We spent one day with a rental car exploring the Costa de Morte. We explored Roman bridges, waterfalls, small coastal towns, and saw dozens of hórreos, medieval stone grain storage buildings on stilts. We went all the way to Finestre, the end of the world, in the middle of a rainstorm, with the waves whipping in the wind. It made us think about the navigators who left these shores without navigation equipment and the many who were dashed on the rocky shore over the centuries.
One of our favorite activities in Spain is an early evening stop for a drink and tapas. Santiago has many small squares with outdoor tables, and it was lovely to enjoy a glass of wine surrounded by the medieval streets.
After 4 days in Santiago we took a short flight to Madrid.
With our many trips to Spain, we’ve become quite familiar with Madrid. We typically stay in Lavapies, relatively near Atocha train station. Every neighborhood in Madrid is quite different; some are very upscale, others not so much. Some have a large student contingent. Lavapies has a little of everything, and very few tourists. It’s walking distance to the city center, and feels very safe. It also has excellent transportation, and for Susan, many places that serve “vermut en grifo” (vermouth on tap)
We went to two special exhibitions while in Madrid; both were excellent. The first was “Hijas del Nilo” (Daughters of the Nile), an impressively well-curated multimedia exhibition documenting the role of women in ancient Egypt. The collection of artifacts, videos, and the overall presentation was superb. The second special event was “Paseos Musicales del Botánico” (Musical Walks Through the Botanical Gardens). Three groups of musicians each performed a movement of Vivaldi’s Four Seasons in a different setting in the gardens at dusk. The first group was all brass, the second was string, the third was wind.
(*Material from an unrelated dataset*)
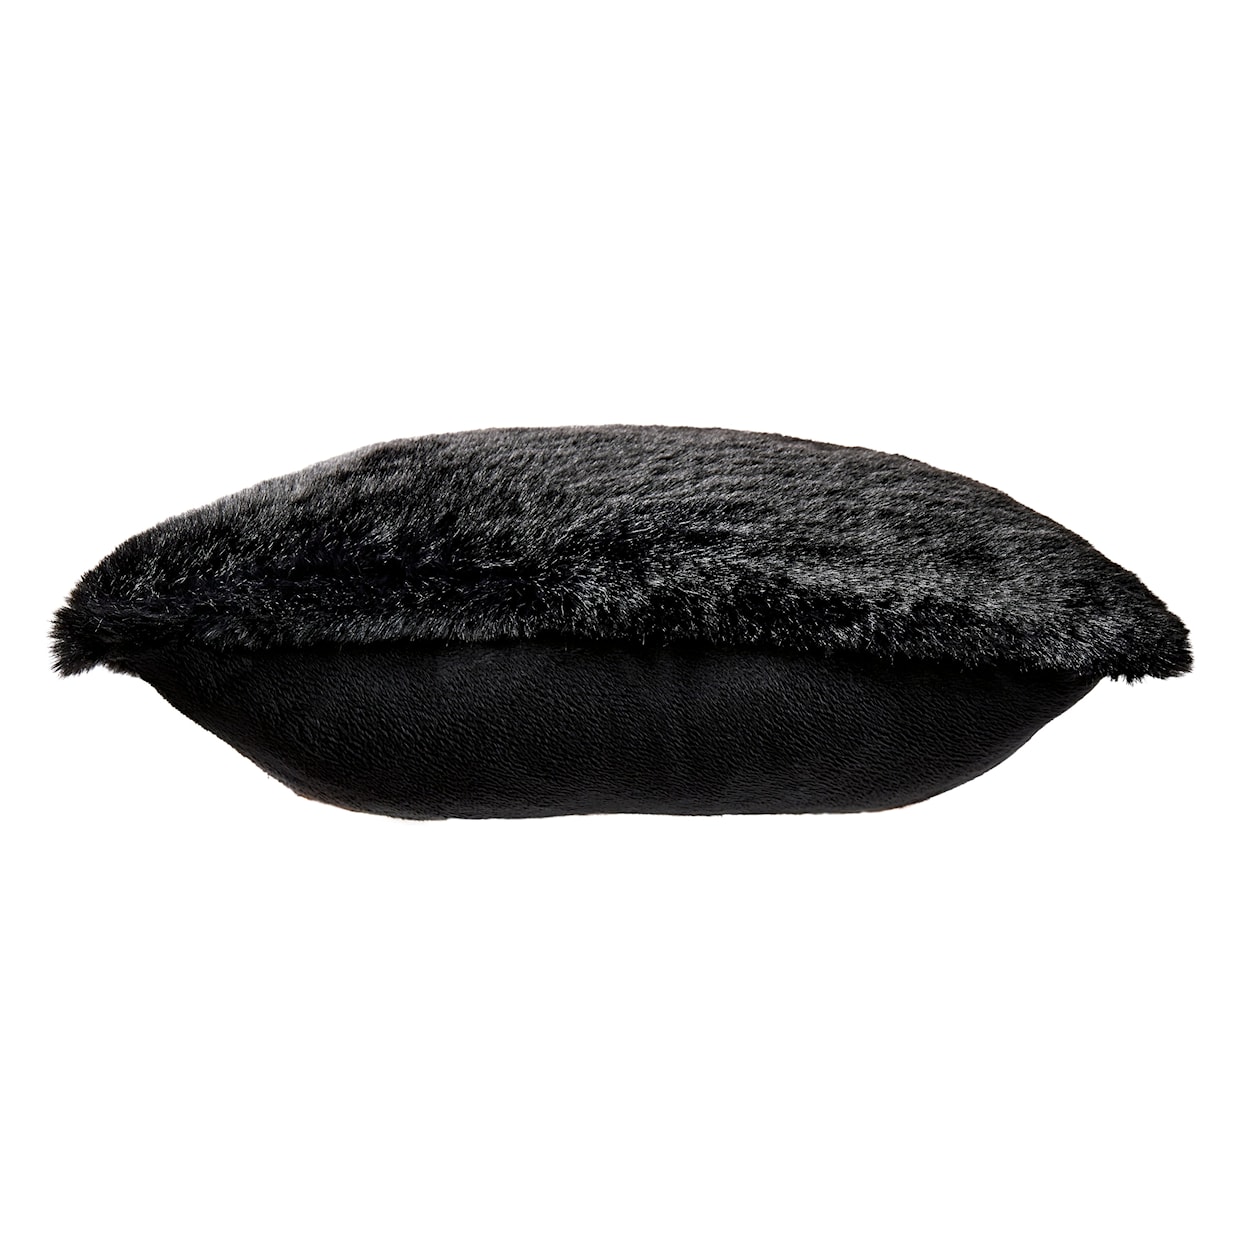 Signature Design Gariland Gariland Black Faux Fur Pillow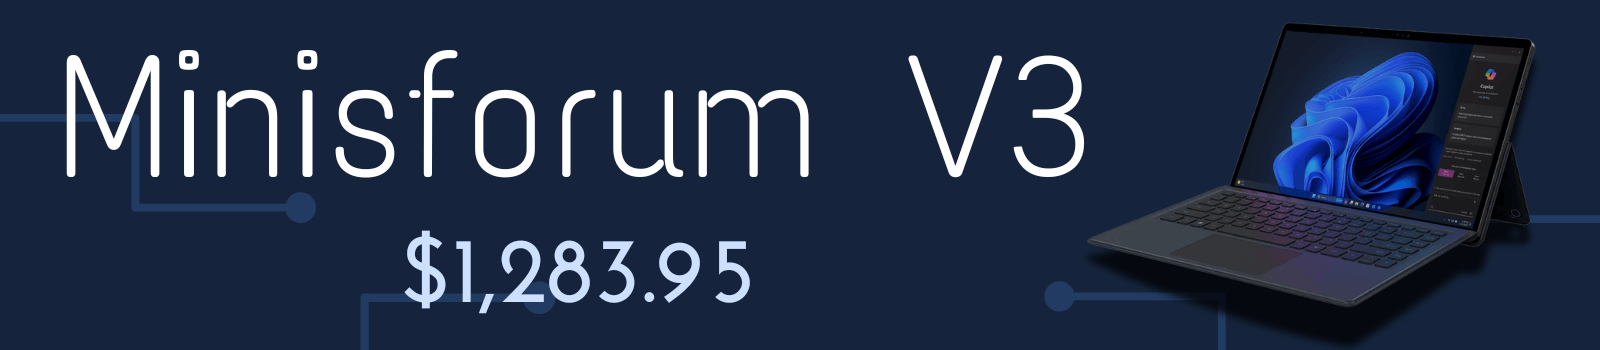 Minisforum V3

The arrangements were amazing, and each performance was brilliant.
We spent our time walking in areas that were new to us, including exploring the Retiro, the large park that was once part of the King’s private estate, from end-to-end. We searched for murals, statues, and interesting architecture.
We took a day trip to the city of Ávila, about 90 minutes away from Madrid. Avila is a world heritage site, being the best-preserved walled city in Europe. The walls protect a medieval city of cobbled streets, interesting churches, and a wonderfully tranquil atmosphere. Avila was an important site in the Jewish Kabbalah, the home of Moses de León, the author of the Zohar. The city’s patron saint, St. Theresa, was a 1st generation converso. We strolled the walkway on top of the city walls. The views of the cathedral, the Plaza del Mercado Grande and the countryside around the city were well worth the walk. The cathedral, which is said to be Spain’s first Gothic cathedral, was originally fortified and is attached to the city walls.
After Susan left for her second conference in Portugal, Phil went to the Thyssen-Bornemisza Museum, which features a wide range of periods, mostly to see their later works. He also tried, once again, and without success, to correct the phone number on his Spanish ID card. Chalk one up for Spanish bureaucracy.